Джеронимо временами изумлялся. Он не считал себя человеком легким и приятным, его жестокий, проницательный ум доставлял ему порой немалые скорби — слишком много он видел, слишком многое понимал. Аллоро был для него умиротворением и тишиной, и стоило ему взглянуть в карие глаза друга — он успокаивался, замирал в тихой радости. Сегодня Гильельмо видел, что Джеронимо не столь благодушен, как обычно, но тот, старательно обегая чистоту друга, не хотел рассказывать ему о ночной находке. Несколько минут они молчали, остановившись у куста дикого шиповника, вдыхая аромат розовых цветов, и не глядя друг на друга. Потом глаза их встретились. Гильельмо протянул ему руку, которая тихо легла на ладонь Джеронимо. «Дав руку мне, чтоб я не знал сомнений и обернув ко мне спокойный лик, он ввёл меня в таинственные сени».

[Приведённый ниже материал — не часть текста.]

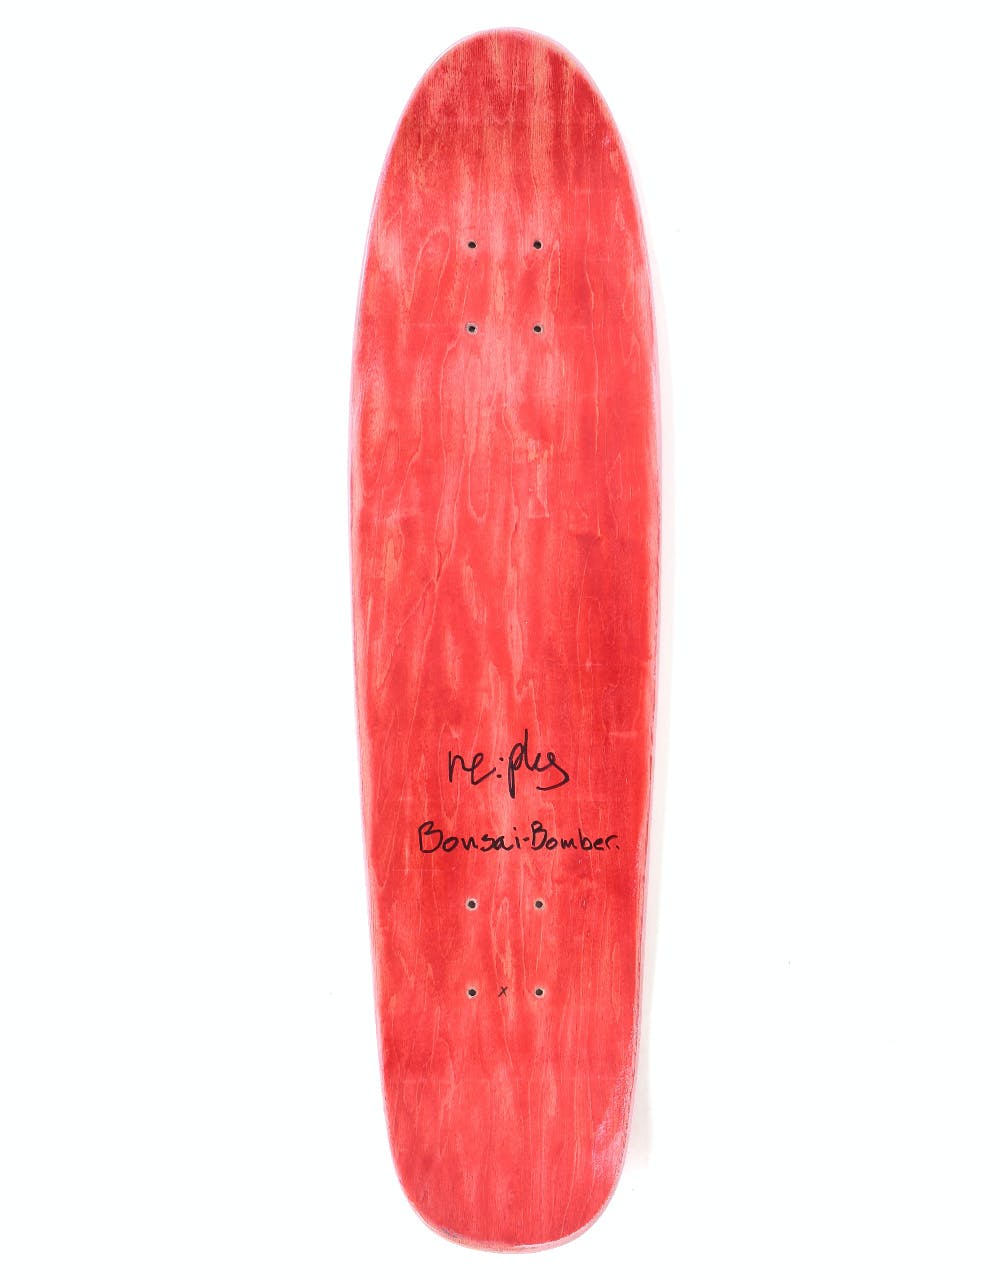 re:ply Bonsai Bomber Pinkstick Skateboard Deck - 7.5"

Они сели на траву у речного берега, и некоторое время следили за накипью пены на перекатах. Много лет исповедовавшиеся друг другу, оба знали каждое движение души друг друга, и сейчас, глядя, как ветерок слегка ерошит волосы Аллоро, как кружит над цветком клевера большой чёрный шмель, прислушиваясь к пению хора насекомых, душа Джеронимо успокоилась, обретя всегдашний покой. «Открой Псалтирь», попросил он собрата. Это он иногда делал и в монастыре. В минуты затруднений вопрошал Господа и просил Гильельмо ответить словами Псалма. Так сделал и сегодня. «Господи, я теряю дорогу свою в море открывшейся очам моим мерзости. Это ли путь мой? Скажи мне, Господи, что делать мне?» Аллоро вытащил из холщовой сумы Псалтирь. Наугад открыл. «С раннего утра буду истреблять всех нечестивцев земли, дабы искоренить из града Господня всех, делающих беззаконие». «Это сотый Псалом. Странно. Он никогда тебе раньше не открывался…»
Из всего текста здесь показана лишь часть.